Thank you for this brilliant article! It is wonderful that smartphone can be used to photograph milky way, let alone the newer ones with more capable cameras.
After reading many articles about photographing milky way with a smartphone, I can’t help but wonder why only android phones are being used, and not iPhones.
I get it that most androids these days have pro-mode built into the stock camera app, and even if not, it is easier to find an app with such controls.
There are similar iOS apps too but not as flexible as the android apps.
But do you think there are other reasons for most people preferring Android phones to iPhones for astrophotography?
I’ve been around for many, many years, and rarely have I seen photos of the night-time sky. Who looks at all these photos, mostly other astrophotographers?
Hi Roger, The astrophotography community is small but thriving and the goal of this site has been to bring simple astrophotography techniques to more people. Over the last few years, I’ve seen the popularity of astrophotography grow and I think at least in a small way, due to this website.
Excellent article! I have the OnePlus 3T and was curious if I could take star photos with it. I’ll have to try your suggestions!
The 3T should be a capable phone!
I have tried to shoot Milk Way with LG G6 this summer. This is the best I could get with stacking. https://www.instagram.com/p/BnZZpvWgpwX/?taken-by=metinaltundemir
I also took dark and bias shots but they have messed up the results.
It’s very interesting to see people push the bounds of what smartphones can do.
Regarding the argument that small sensors take in only a little light, we can compensate for that with longer exposures. In fact, one should theoretically be able to take as good a photo on a phone as an SLR if:
(1) The scene is static, like a landscape at night
(2) The phone is on a tripod
(3) We have it a lot of time, like a few minutes
(4) The phone allows long exposures with an unlimited exposure duration like 5 min (not stacking, but a real long exposure at the hardware level).

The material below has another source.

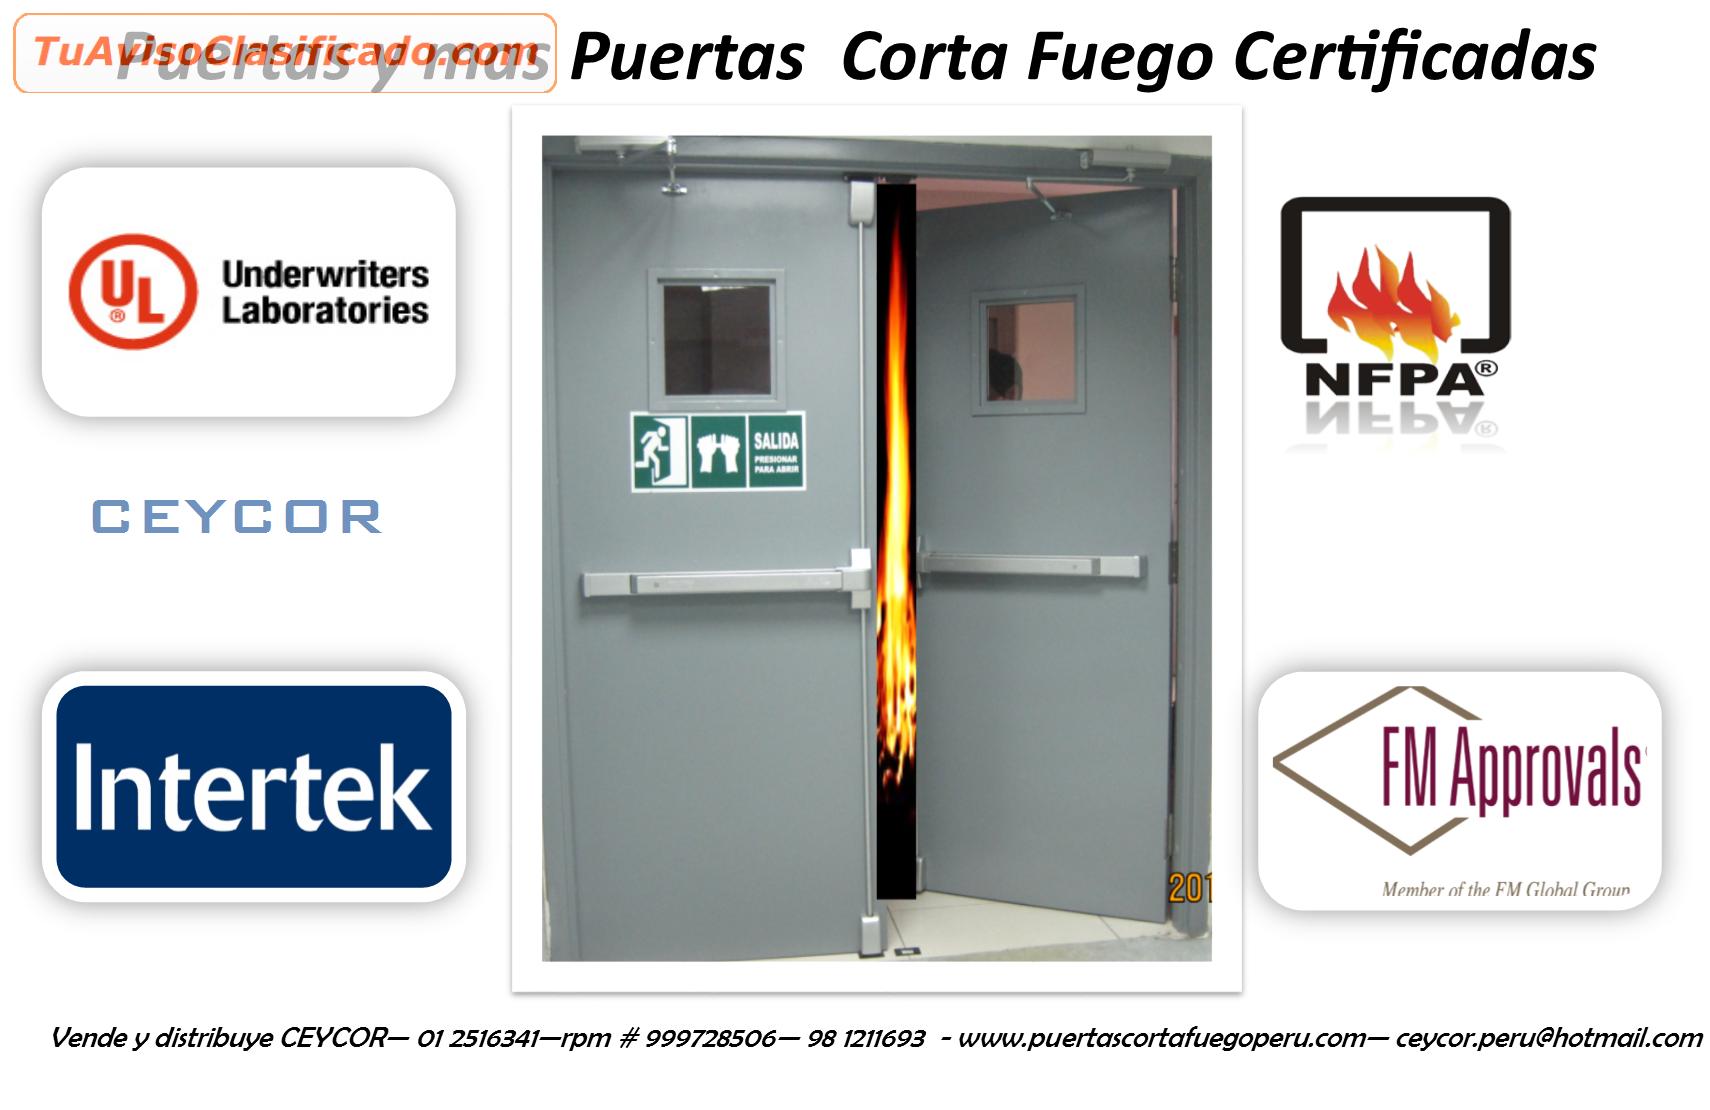 Puertas y cerraduras de escape corta fuego certificadas - Puerta cortafuegos precio ...

(5) The phone allows high ISO like 102,400: https://petapixel.com/2018/03/27/huawei-p20-pro-leica-triple-camera-iso-102400-dxomark-score-of-106/
Dynamic range is another limitation of smartphones, but that can also be worked around with exposure fusion / HDR.
Anything I’m missing? Otherwise, it should only be a matter of time before smartphones reach SLR quality for night landscape photography.